Samarinda, Infosatu.co – Capaian Tes Kemampuan Akademik (TKA) jenjang SD dan SMP di Kota Samarinda menunjukkan hasil positif. Rata-rata nilai peserta didik tercatat melampaui rata-rata nasional maupun rata-rata Provinsi Kalimantan Timur (Kaltim).
Meski demikian, Dinas Pendidikan dan Kebudayaan (Disdikbud) Samarinda menegaskan hasil tersebut bukan alasan untuk berpuas diri. Sebaliknya, capaian TKA akan menjadi pijakan untuk mengevaluasi dan meningkatkan kualitas pendidikan di Kota Tepian.
Kepala Bidang Pembinaan SMP Disdikbud Samarinda Mohammad Wahiduddin menjelaskan, pelaksanaan TKA saat ini hanya mengukur kemampuan siswa pada dua mata pelajaran, yakni Matematika dan Bahasa Indonesia.
“Hasil TKA menunjukkan rata-rata nilai siswa Samarinda berada di atas rata-rata nasional dan juga di atas rata-rata Kaltim,” katanya, Selasa 9 Juni 2026.
Menurutnya, capaian tersebut patut diapresiasi, namun masih menyisakan sejumlah pekerjaan rumah yang harus diselesaikan. Sebagai ibu kota provinsi, Samarinda dituntut mampu menjadi rujukan dalam pengembangan sektor pendidikan di Kaltim.
Karena itu, berbagai aspek yang memengaruhi mutu pendidikan harus terus dibenahi, mulai dari kualitas pembelajaran hingga dukungan sarana pendidikan yang memadai.
“Nilai yang sudah berada di atas rata-rata bukan berarti seluruh indikator pendidikan sudah ideal. Tetap perlu dilakukan evaluasi agar hasil yang diperoleh ke depan bisa meningkat dan masuk kategori sangat baik,” tuturnya.
Wahiduddin menilai peningkatan mutu pendidikan tidak dapat hanya diukur dari hasil akademik semata. Faktor lain seperti kualitas tenaga pendidik, fasilitas sekolah, hingga lingkungan belajar juga memiliki peran penting dalam membentuk capaian siswa.
Ia menekankan penguatan kompetensi guru perlu terus dilakukan secara berkelanjutan. Selain itu, pemanfaatan teknologi dalam proses pembelajaran dinilai menjadi salah satu kunci untuk meningkatkan daya saing pendidikan di era digital.
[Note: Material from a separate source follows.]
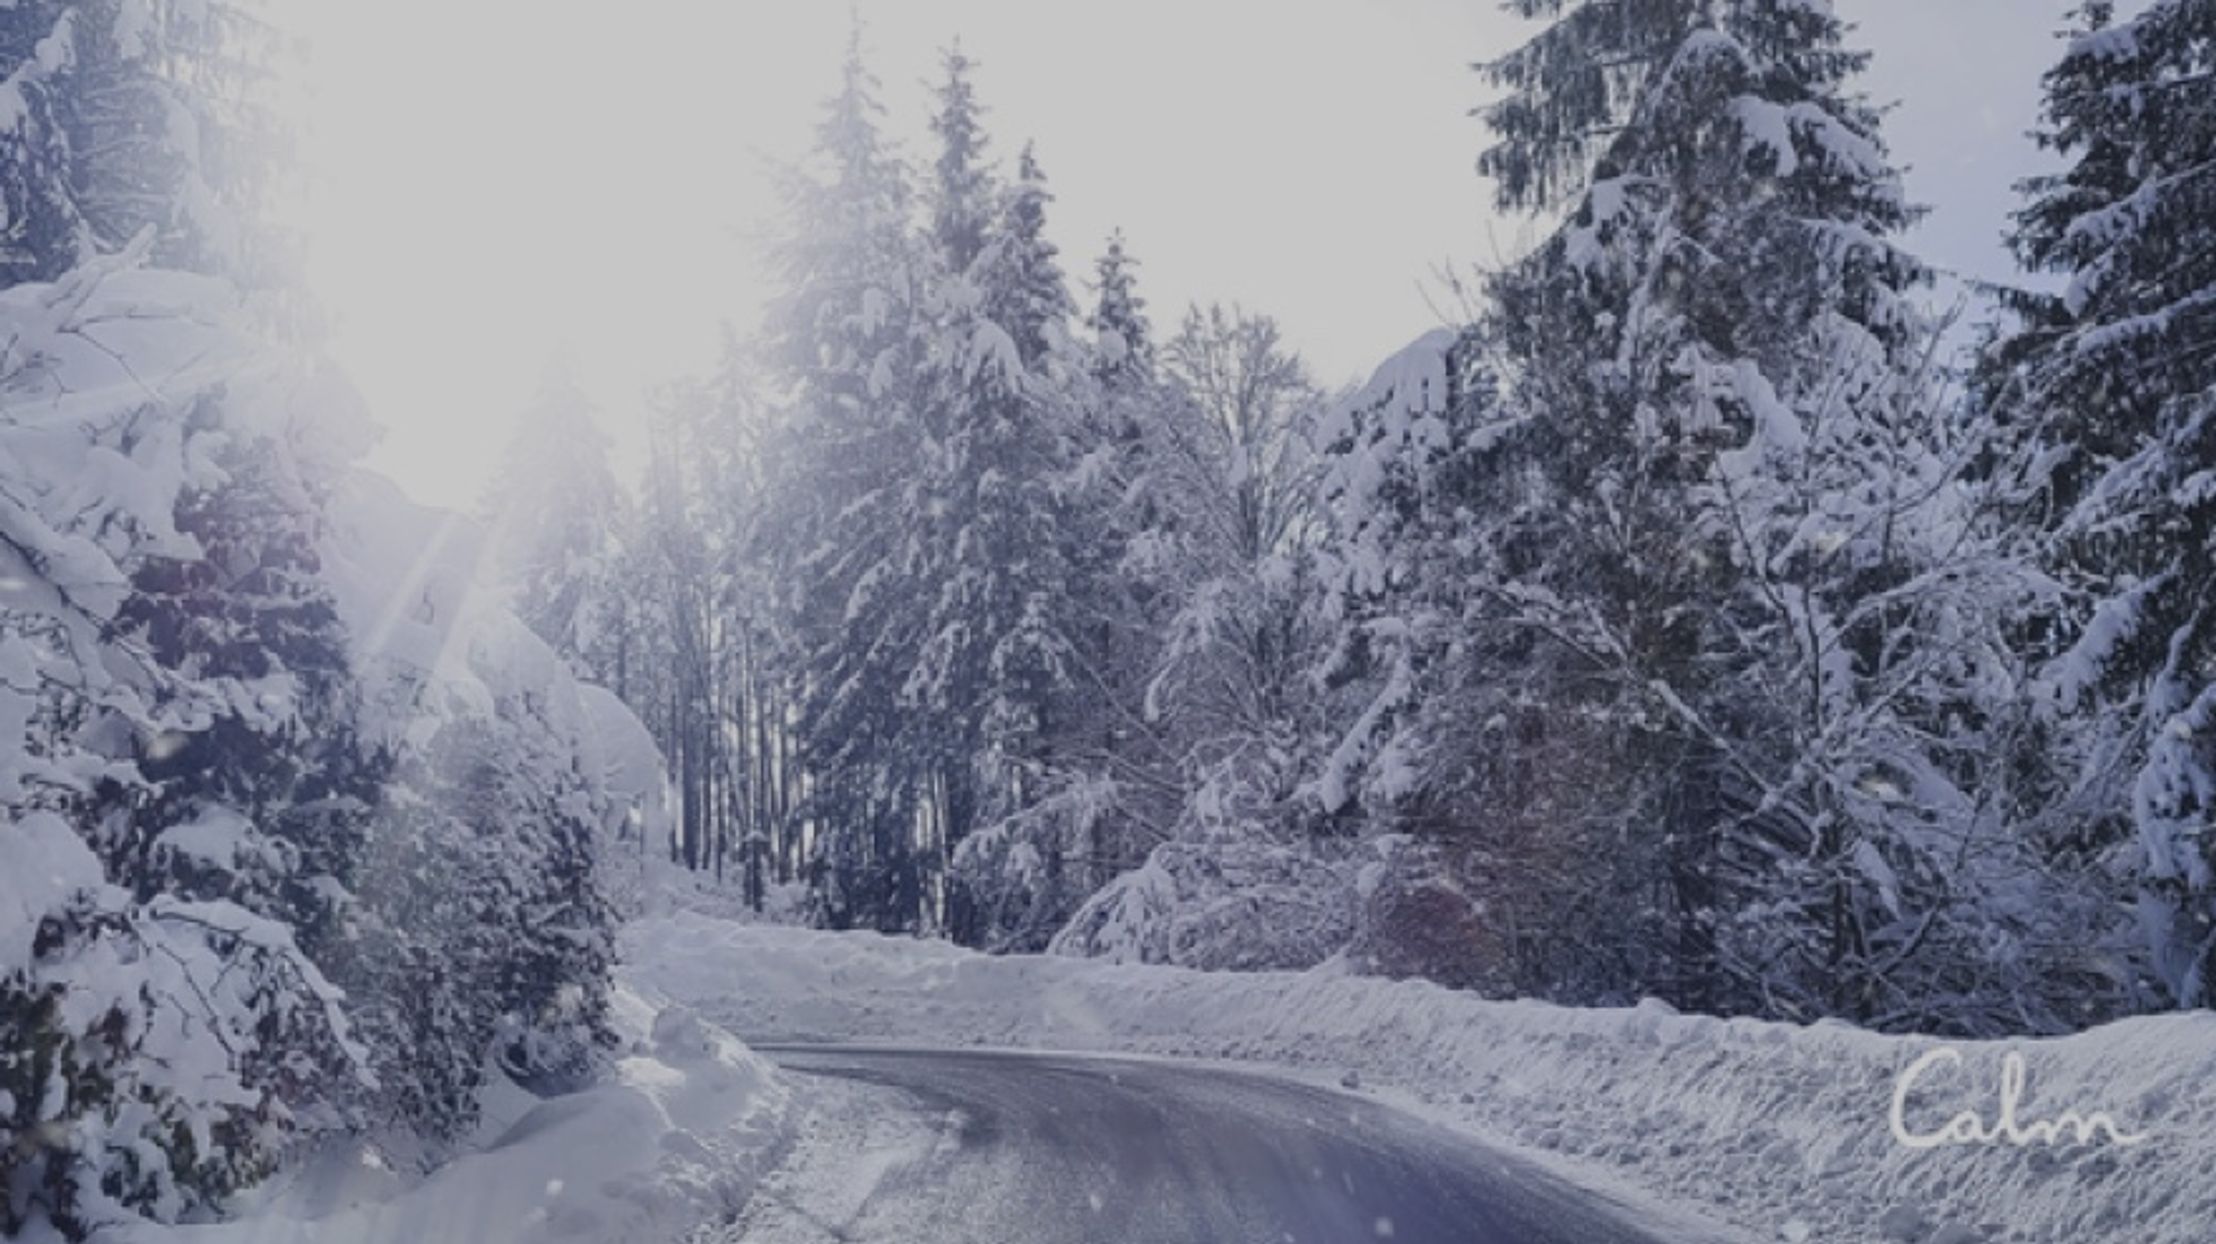 A road surrounded by pine trees, covered in picturesque snow, with the sun shining through the trees. The Calm logo is in the lower right corner.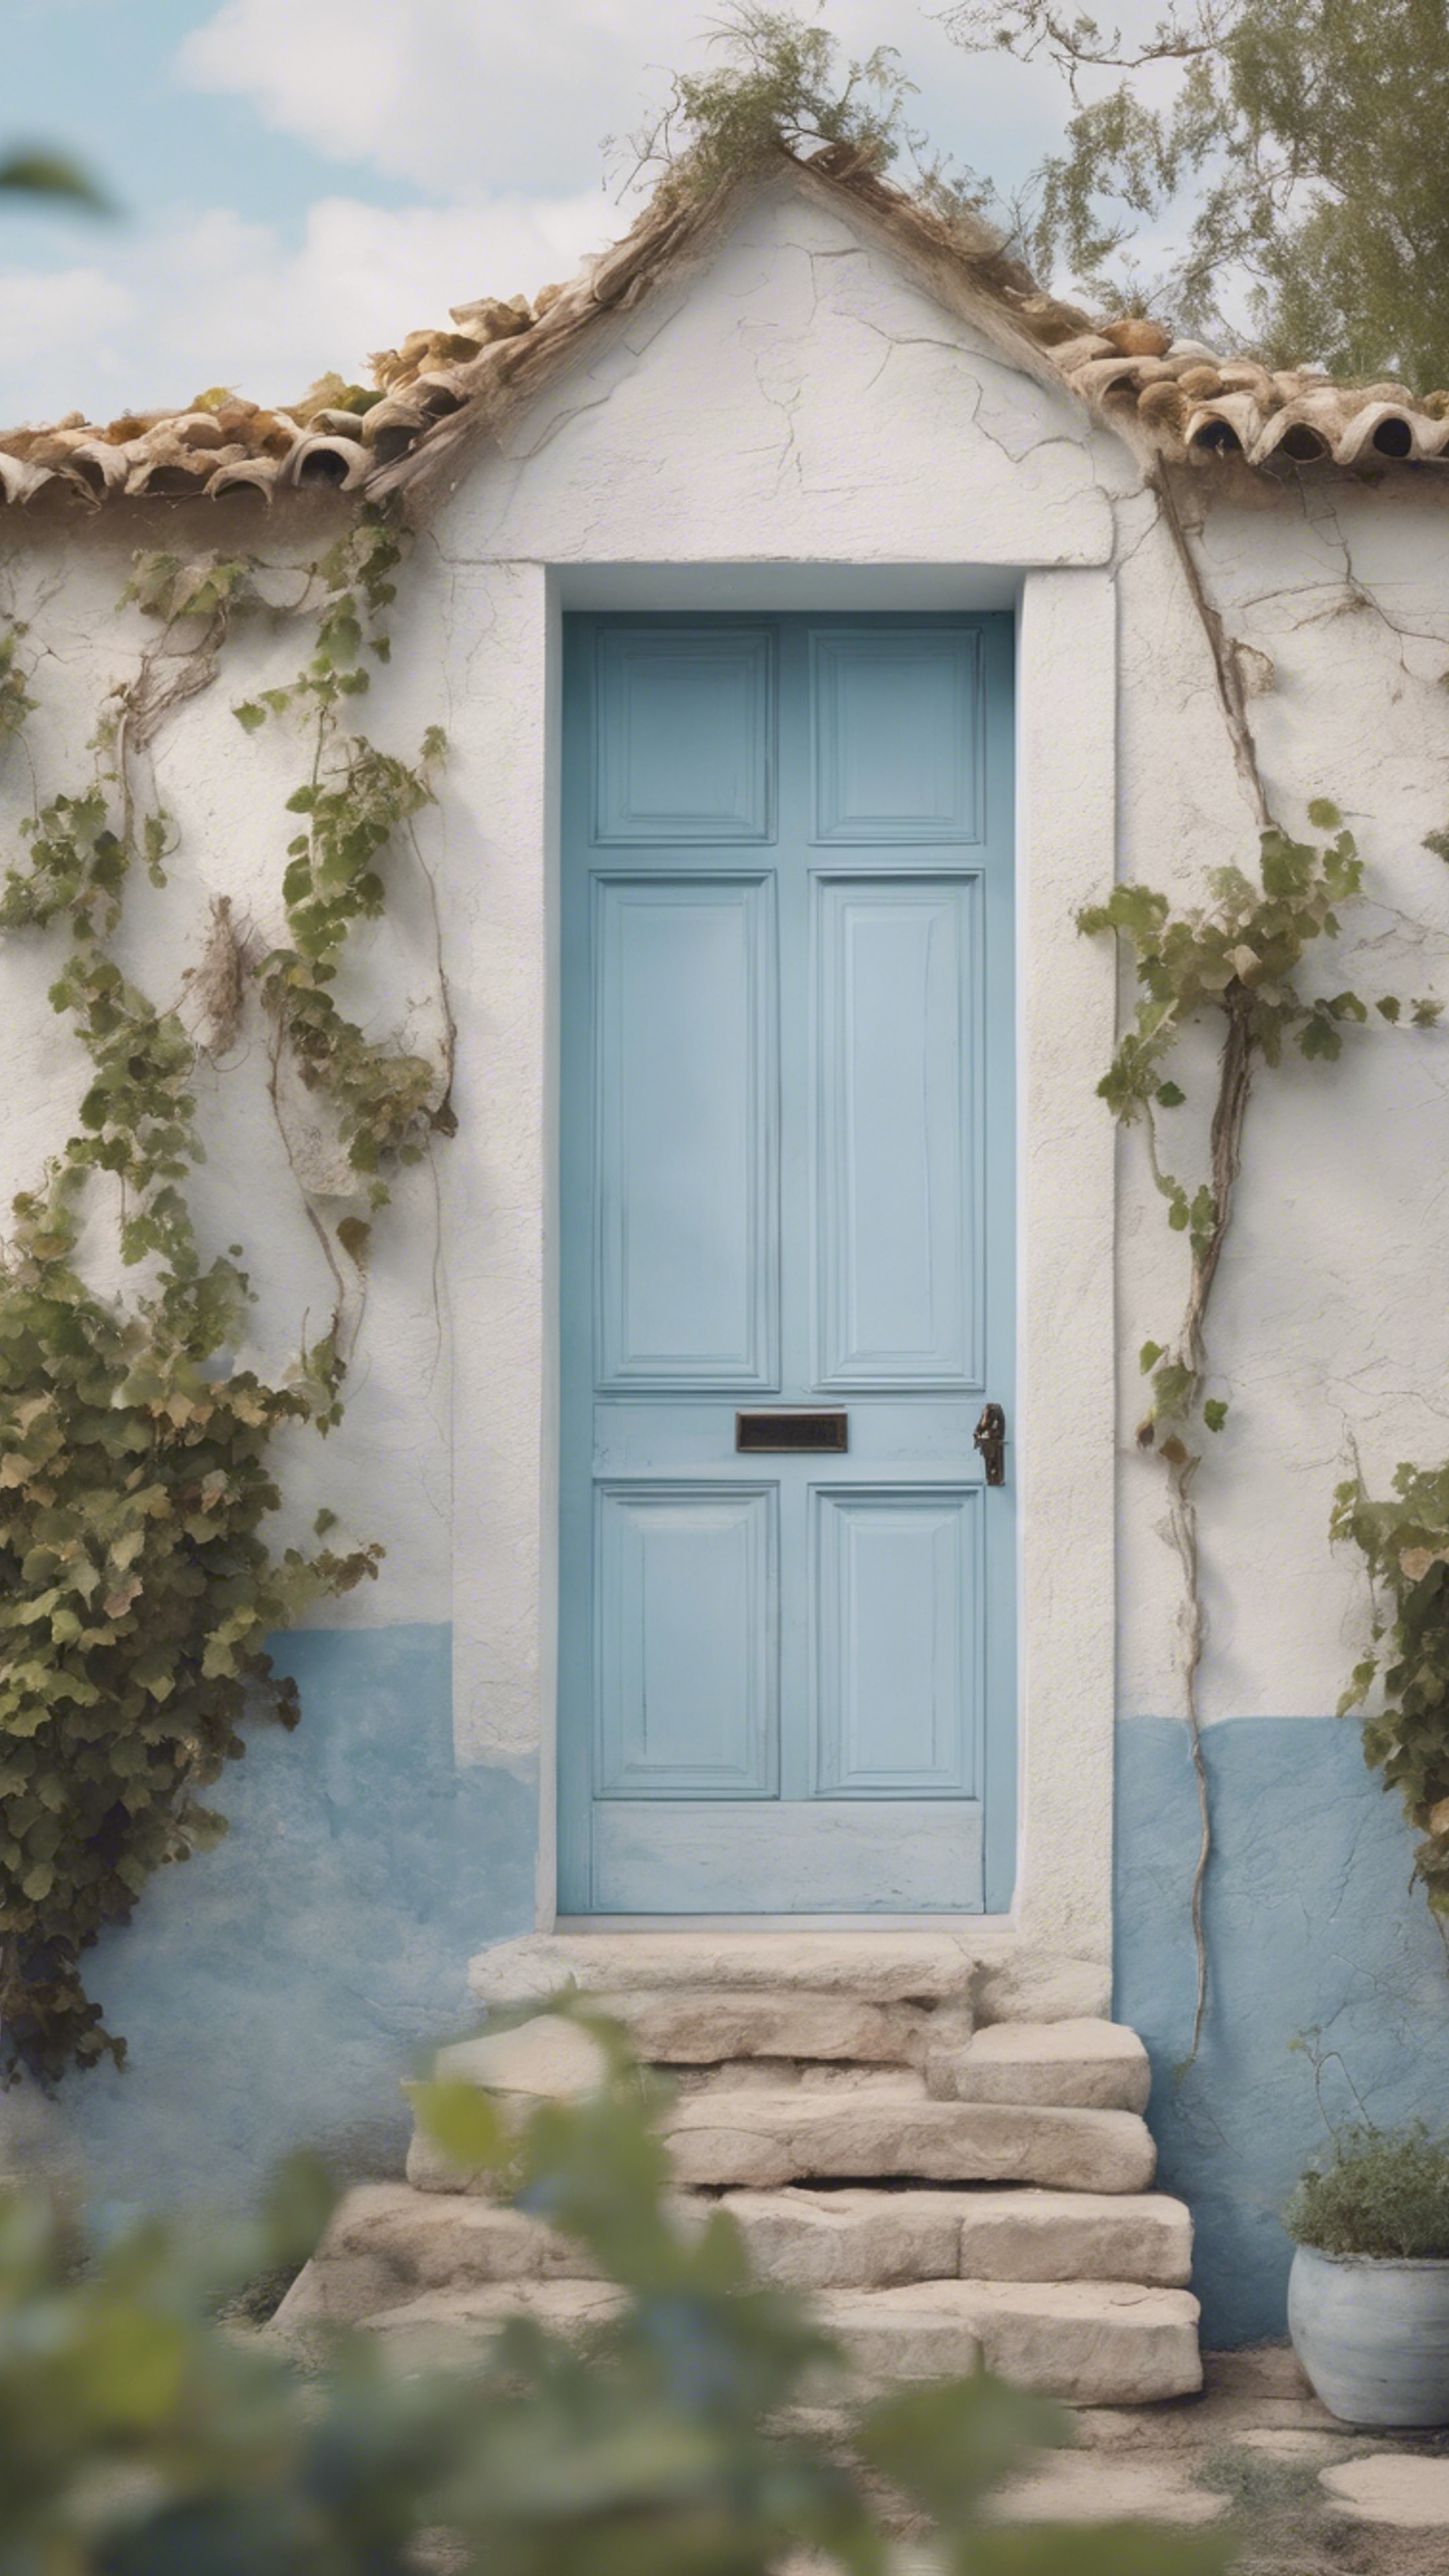 A pastel blue painted door on a rustic white house, a vineyard in the background. Papel de parede[5cba61123f91494ab86f]

Di sisi lain, Wahiduddin mengakui TKA masih merupakan instrumen evaluasi yang tergolong baru. Kondisi tersebut membuat hasil yang diperoleh saat ini belum bisa dibandingkan dengan tahun-tahun sebelumnya untuk melihat tren peningkatan atau penurunan kemampuan akademik siswa.
“Karena belum ada data pembanding dari pelaksanaan sebelumnya, hasil TKA saat ini lebih tepat digunakan sebagai dasar evaluasi dan perencanaan perbaikan pada tahun-tahun mendatang,” jelasnya.
Disdikbud Samarinda berkomitmen menjadikan hasil TKA sebagai bahan pemetaan kualitas pendidikan. Melalui peningkatan kompetensi guru, penguatan digitalisasi pembelajaran, serta perbaikan sarana dan prasarana pendidikan.
“Kami berharap prestasi akademik peserta didik di Samarinda dapat terus meningkat pada masa mendatang,” tandasnya.